Stored items →
- - - - - - -

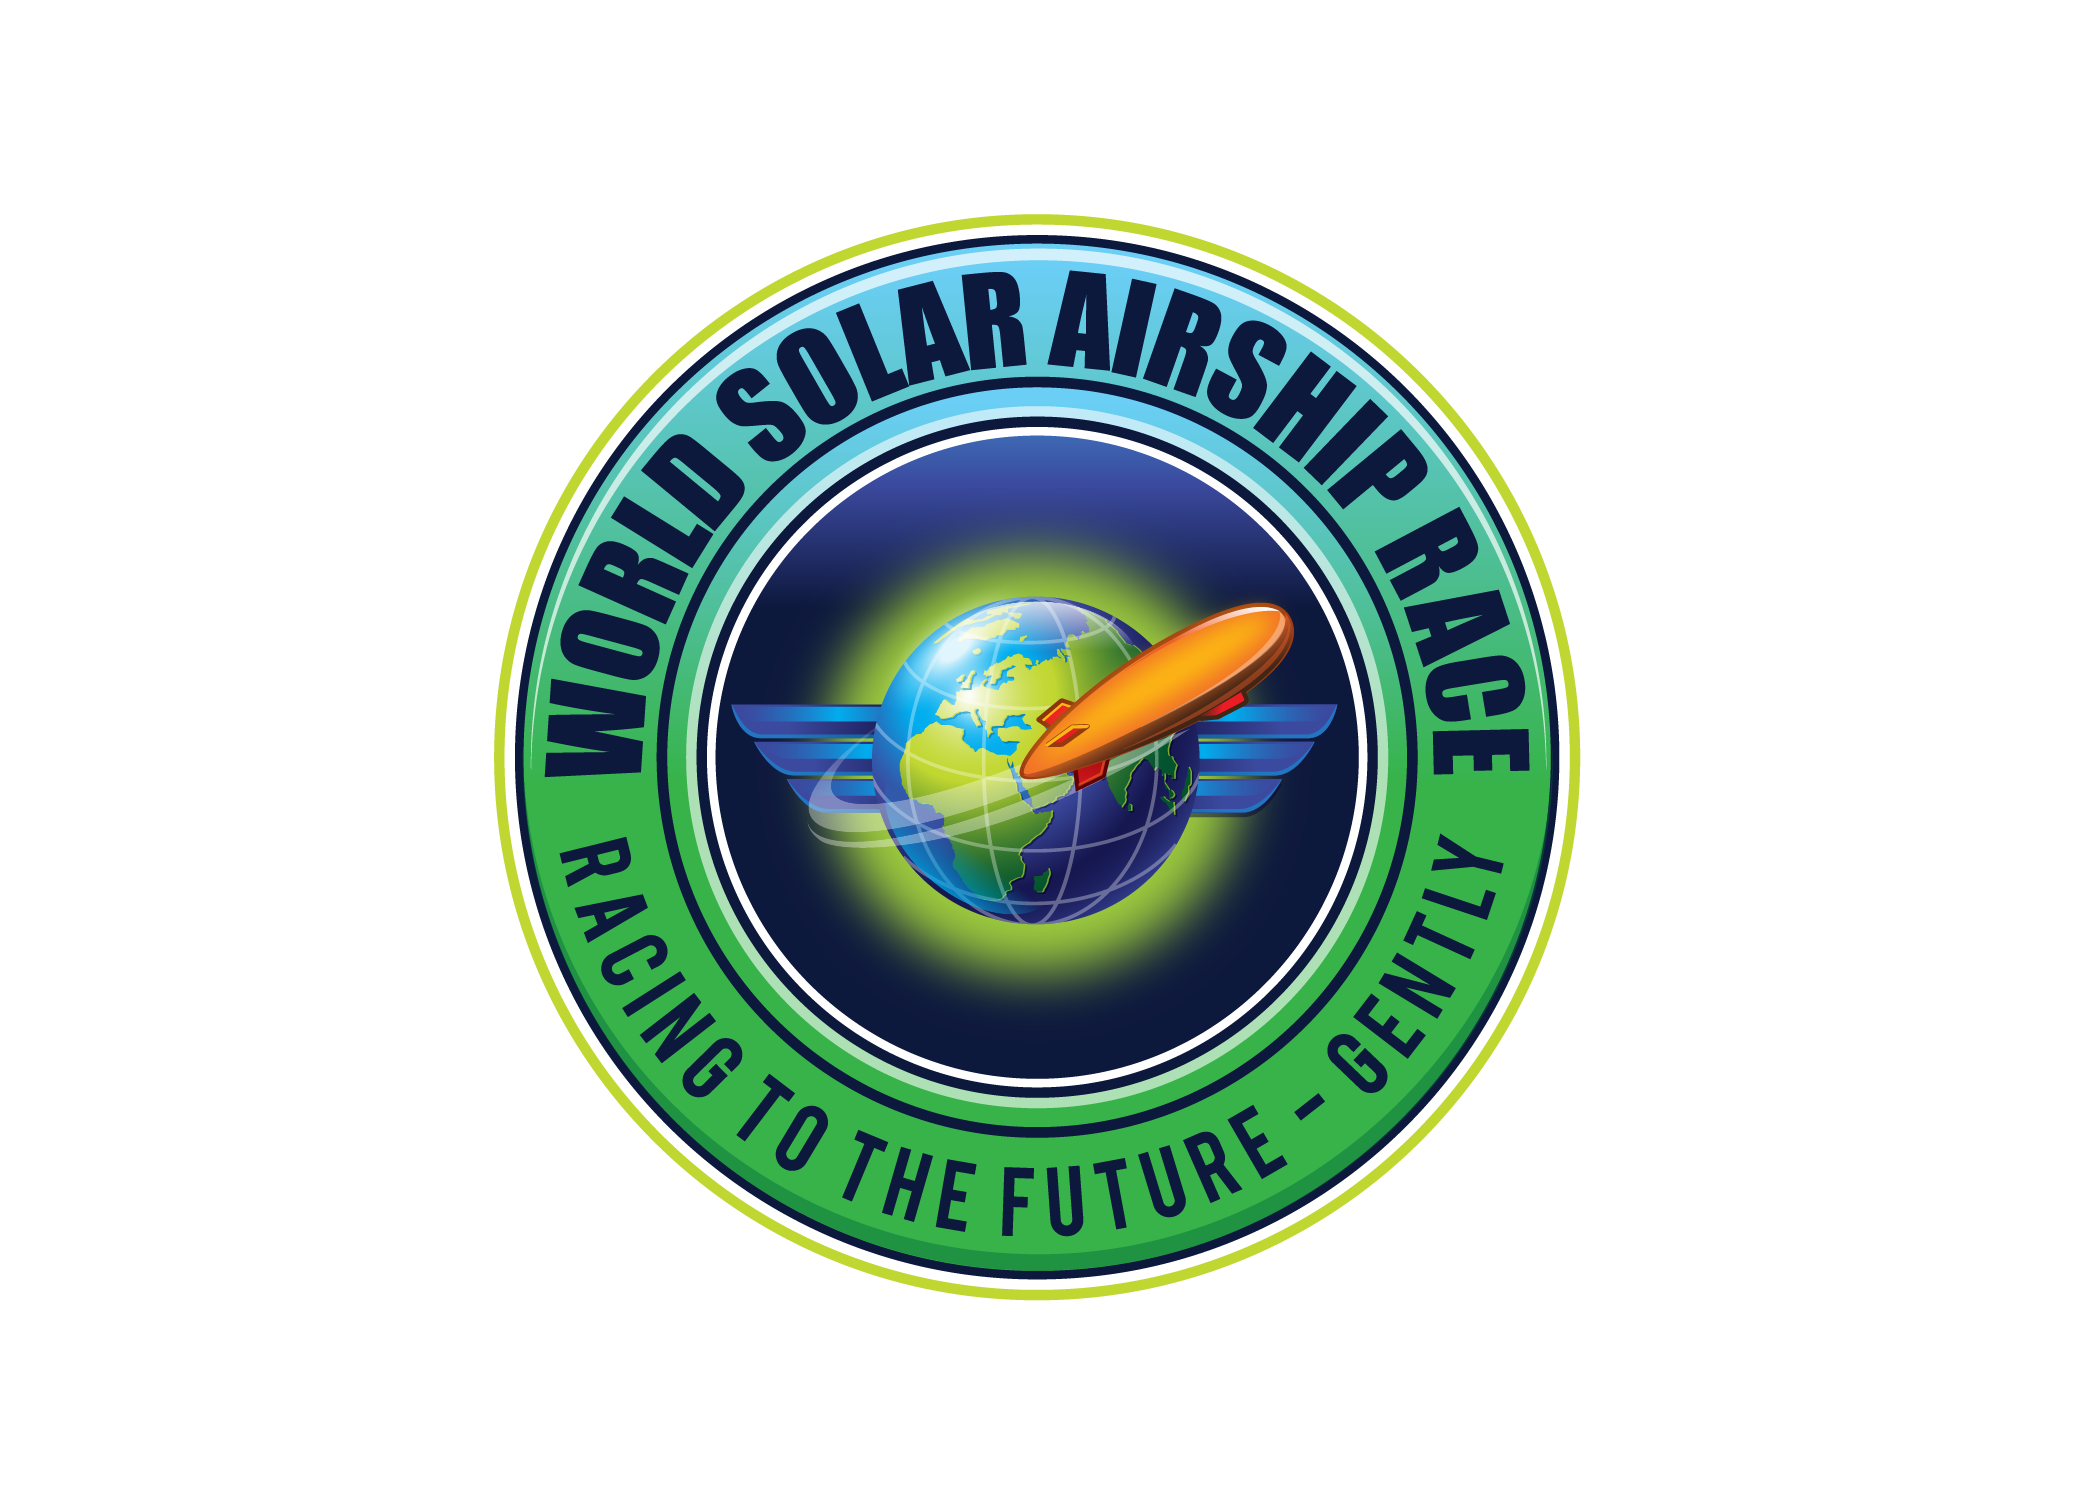 World Solar Airship Race
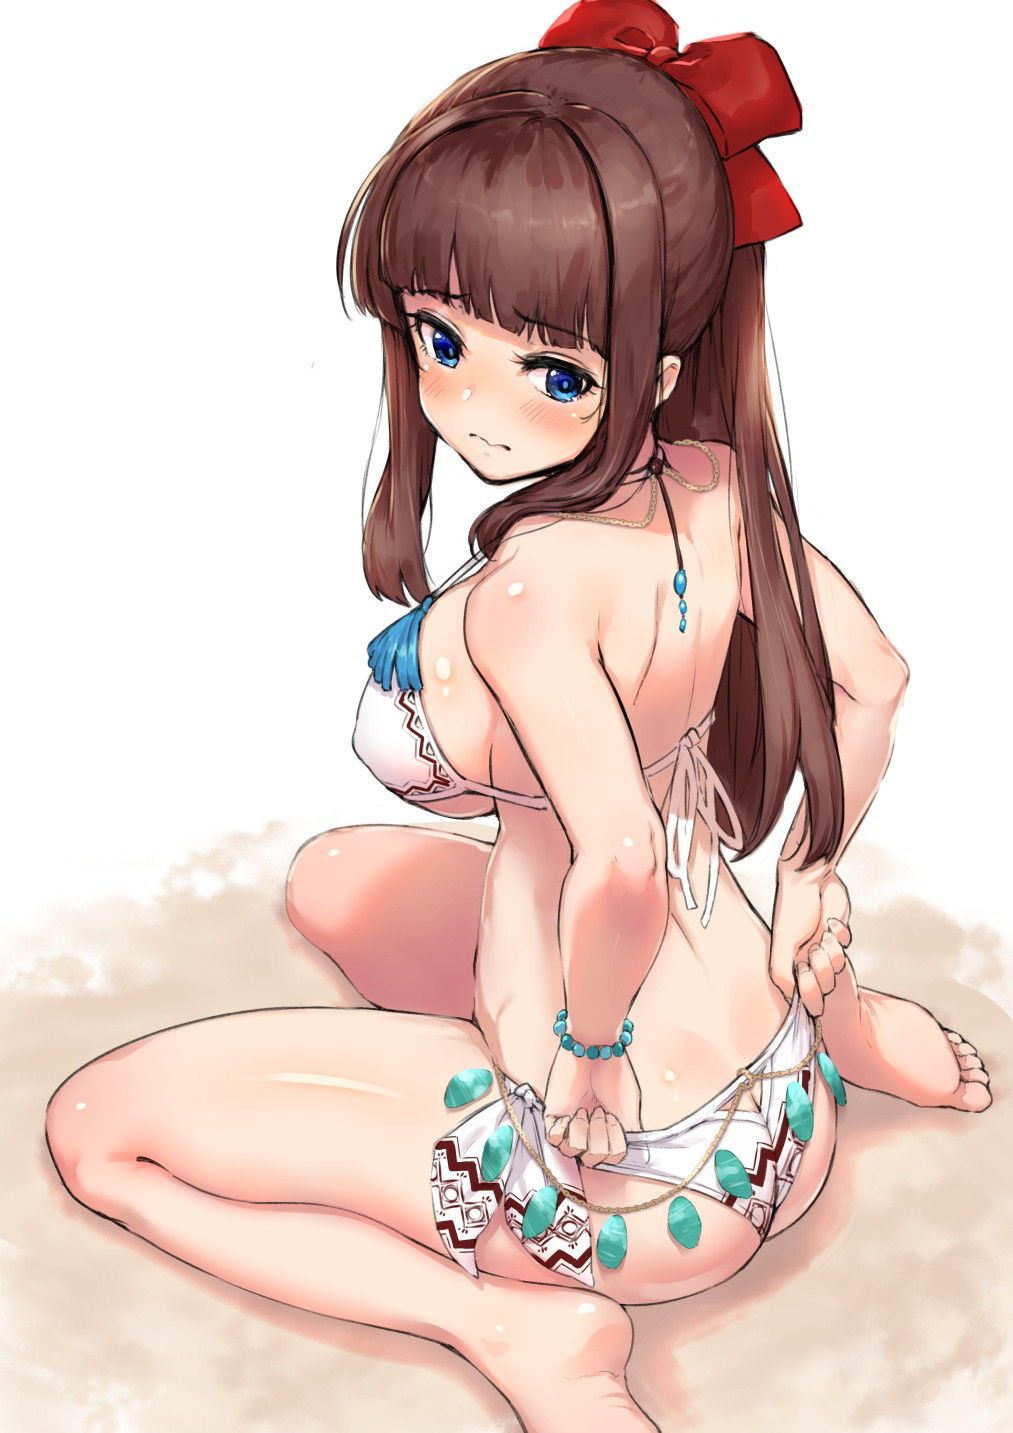 [Erotic image] NEW GAME! Unried Nuki secondary erotic image that makes you want to do H like Hifuki Takimoto manga 26
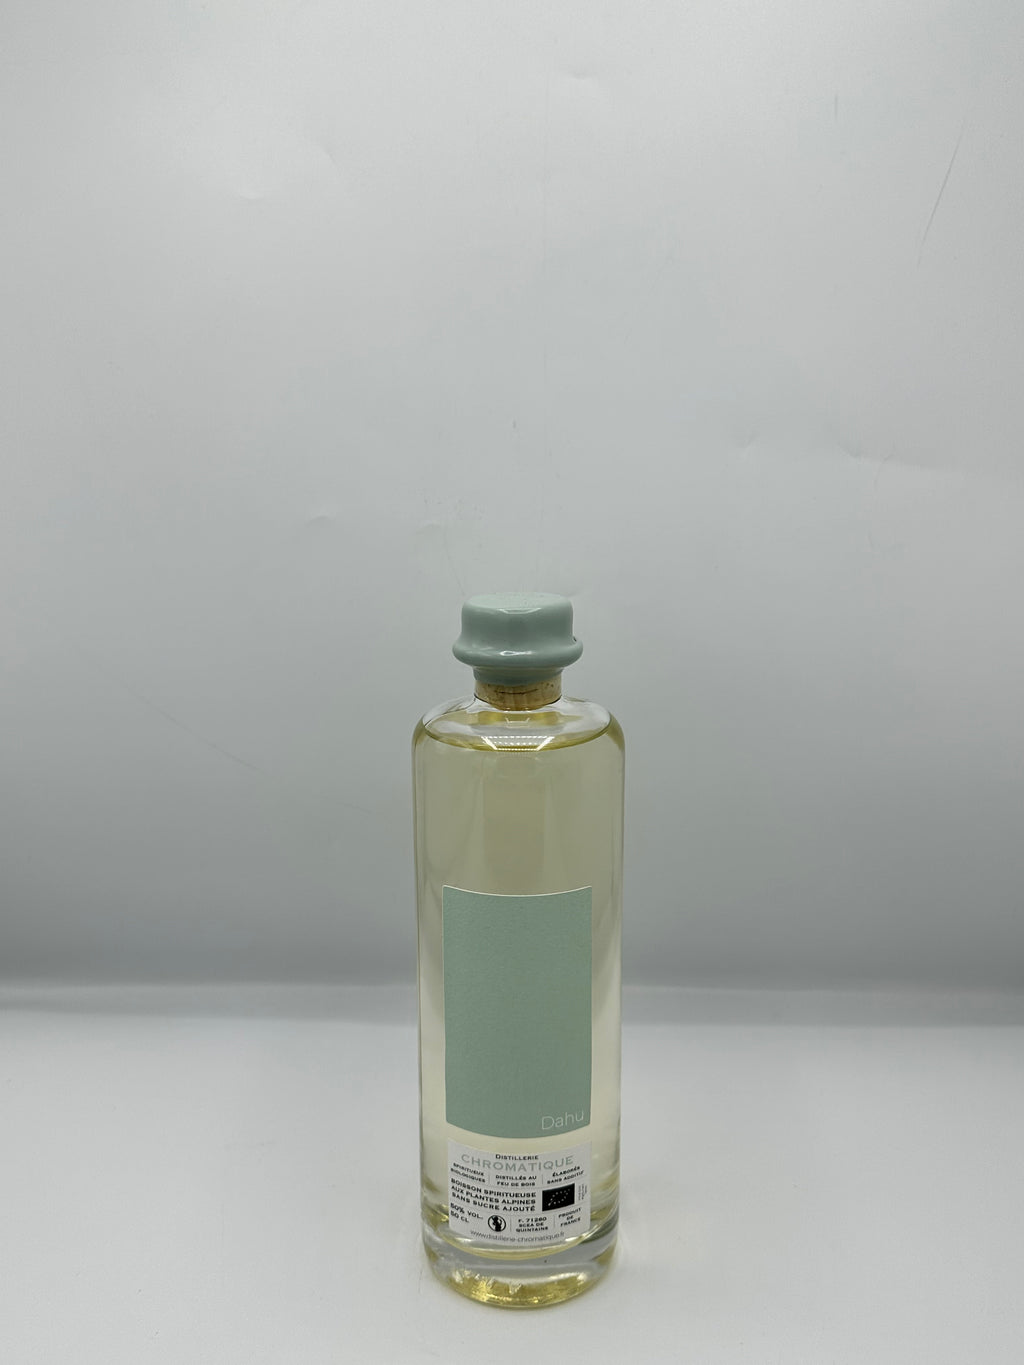 Eau de Vie d'Absinthe "DAHU" 50° 50Cl - Distillerie Chromatique by Guillemot Michel
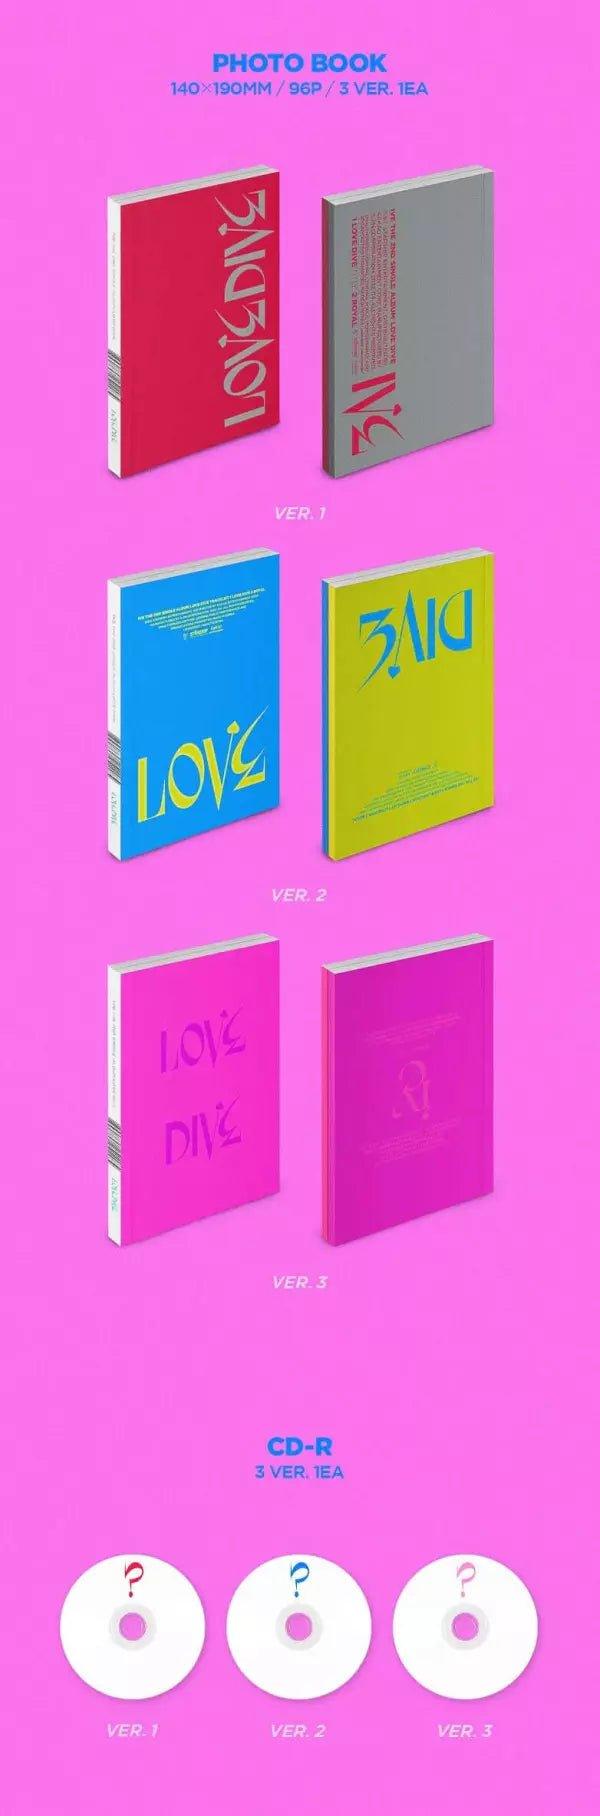 IVE - 2ND SINGLE ALBUM LOVE DIVE - K-POP WORLD (6767459106951)
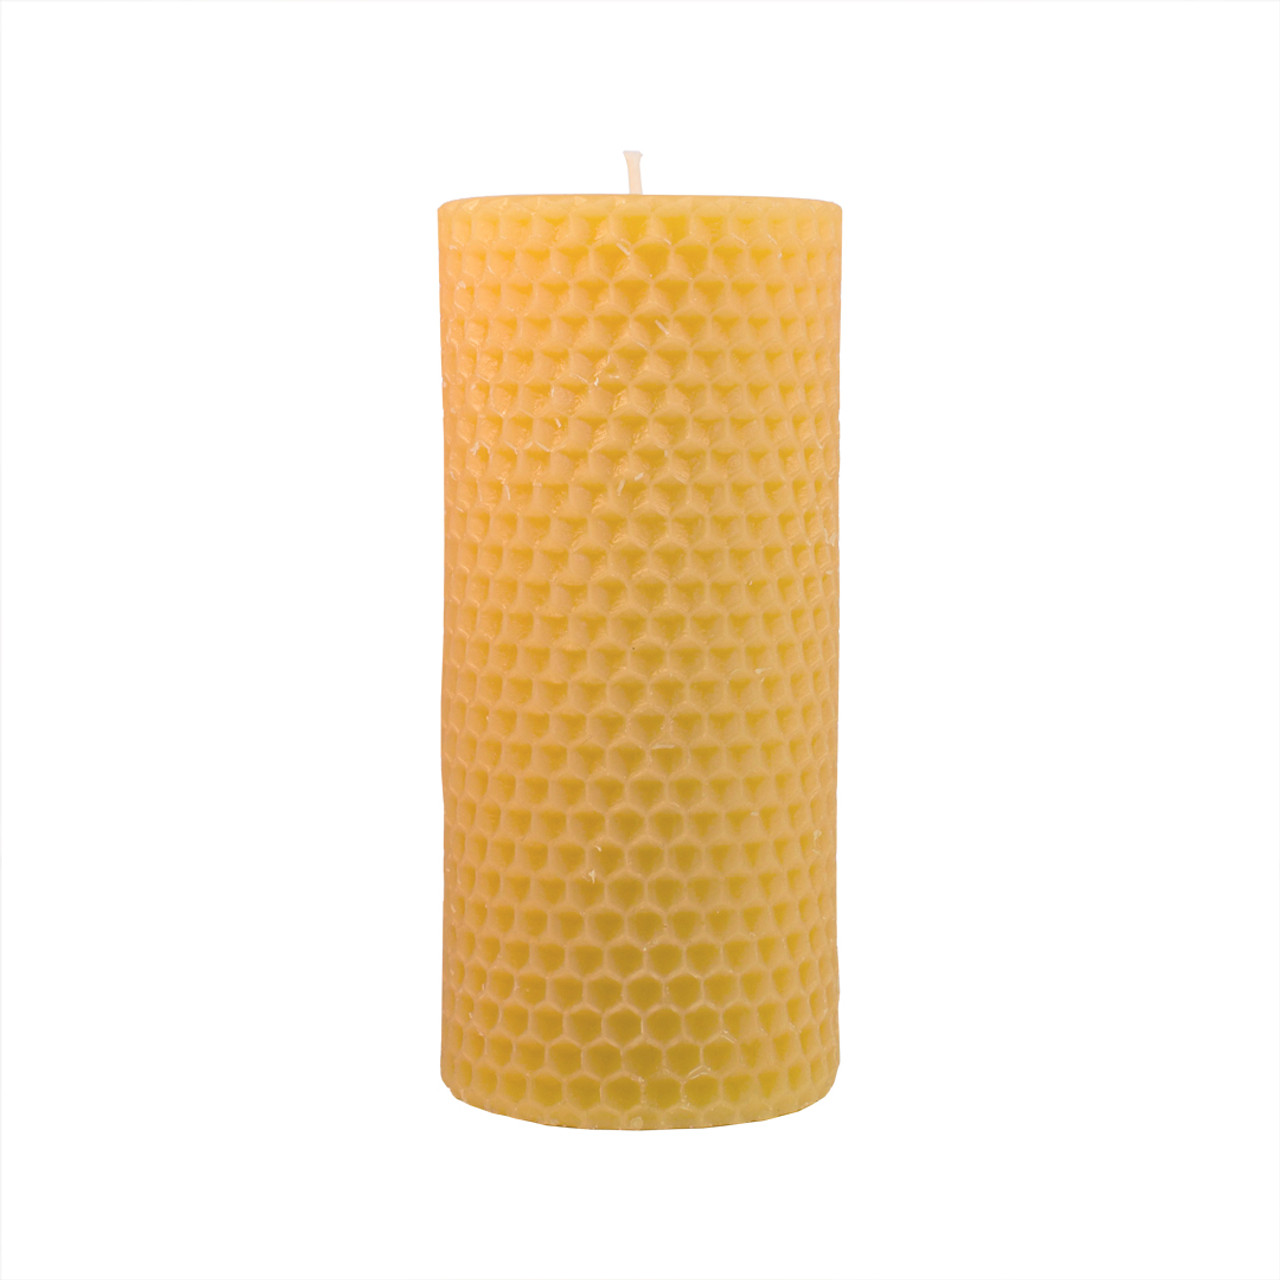 Sunbeam Candles 2 X3 Beeswax Honeycomb Pillar Candle

- - - - - - -

Task requirements → Word for word, restate each line above, minus its pictures.

Answer to this exercise →
 World Solar Airship Race
 [Erotic image] NEW GAME! Unried Nuki secondary erotic image that makes you want to do H like Hifuki Takimoto manga 26
 Eau de Vie d'Absinthe "DAHU" 50° 50Cl - Distillerie Chromatique by Guillemot Michel
 IVE - 2ND SINGLE ALBUM LOVE DIVE - K-POP WORLD (6767459106951)
 Sunbeam Candles 2 X3 Beeswax Honeycomb Pillar Candle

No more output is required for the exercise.